In a September 19 “Good Morning America” preview of a report scheduled to appear on the same day’s edition of ABC’s “20/20,” chief investigative reporter Brian Ross took a few jabs at the rich who had fallen.
Ross called it “the end of a shameful chapter of American history,” and although top executives on Wall Street had been hit hard in a way “they never thought was possible … it’s hardly the soup kitchen.”
There was also much indignation in the report over the assets of Richard S. Fuld Jr., Chairman and Chief Executive Officer of now fallen Lehman Brothers Inc., and Alan Schwartz, the CEO of now “busted” Bear Stearns.

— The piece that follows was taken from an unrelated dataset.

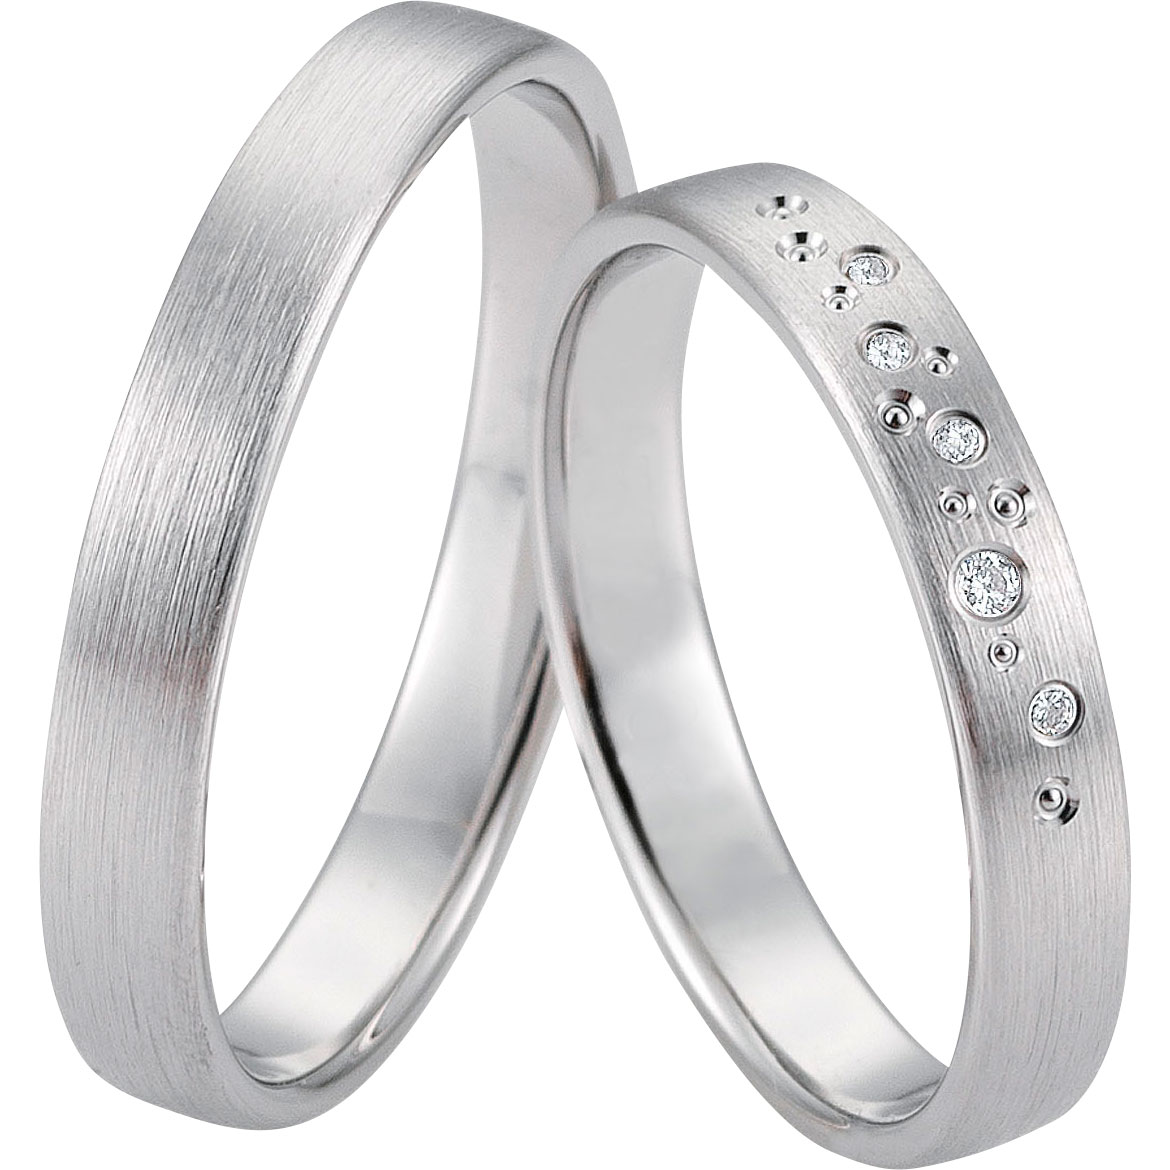 Fábrica al por mayor personalizada del odm del OEM de la joyería del anillo de plata 925 por 20 AÑOS

But Ross didn’t include any outrage over the extravagant wealth of the former Fannie Mae and Freddie Mac CEOs – the two GSEs recently bailed out by taxpayers after years of mismanagement. Fannie and Freddie CEOs also made million-dollar salaries.
Well before the buyout of Fannie Mae, the Securities and Exchange Commission revealed that chief executive Daniel Mudd’s compensation included just under $1 million in salary, $2.2 million in incentive payments, about $10 million from stock and option grants, and $153,531 in other compensation, as reported by Reuters April 7.
The Washington Post reported Sept. 15 that Mudd and Syron together were eligible to receive as much as $25 million in severance, according to their contracts. The Federal Housing Finance Agency announced September 14, however, that it would not allow Mudd and Syron to collect those severance packages.